Finally, a post on KanBan 🙂
I’ve been running teams who have been using KanBan for a few years. We find it is a really useful methodology to use, especially for our maintenance and dedicated testing/ release teams. Being a little lighter than Scrum, it enables us to quickly re-prioritise backlog items; ideal when you don’t know when the next Showstopper bug is going to come in.
Recently I’ve started to take things a little further with a pilot in my management team, which consists of test managers, defect managers and product owners who are driving various software projects to completion, mostly in the maintenance and productisation phases. The pilot involves using KanBan to run the team and prioritise the various actions and items that we need to drive forwards.
We wanted a lightweight approach to the toolset, so rather than go for a heavy tool, or something online (company policy – nothing on 3rd party servers), we picked SherePoint. Daniel Roots excellent guide on how to setup a KanBan board in SharePoint has been invaluable and what we have now certainly fits our need. OK, so you may not want to use this to run a detailed software project without some adaptation, but for prioritising and driving the management backlog then it works just fine, especially when tasks are sync’d with Outlook.
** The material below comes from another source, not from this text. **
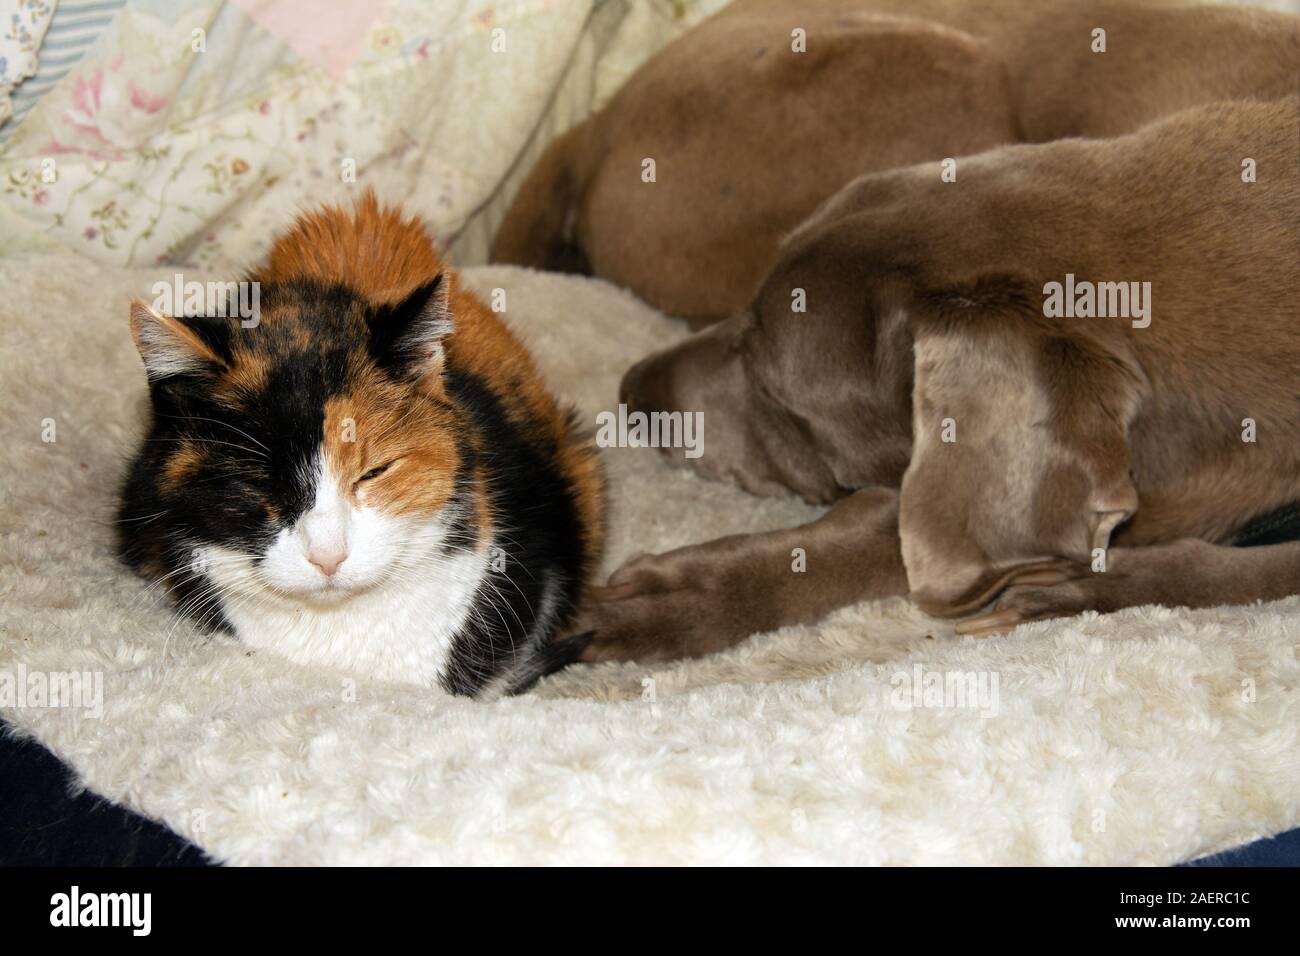 Old calico cat and an old Weimaraner dog sharing a dog bed, sleeping side by side Stock Photo

Changing our way-of-working was, as usual, initially difficult, but quickly the benefits of being able to see what everyone was working on and where it was in the cycle became apparent. Figuring out the work in progress limits for the team was a challenge, given the varied nature of the different roles, but we found that, more often than not, our tasks relied on each other, and therefore our ‘internal’ WIP limits did too. This meant that the team did have a natural velocity and this could be used to set WIP limits accordingly.
You may wonder whether this approach sounds a little heavy-handed? I’d argue that it does not, simply because you always keep an action list or backlog for a management team. Maybe you have tried to colour-code it or tabulate it, in order to make it more visible? You are halfway there. Why not go the full way and try KanBan for it instead?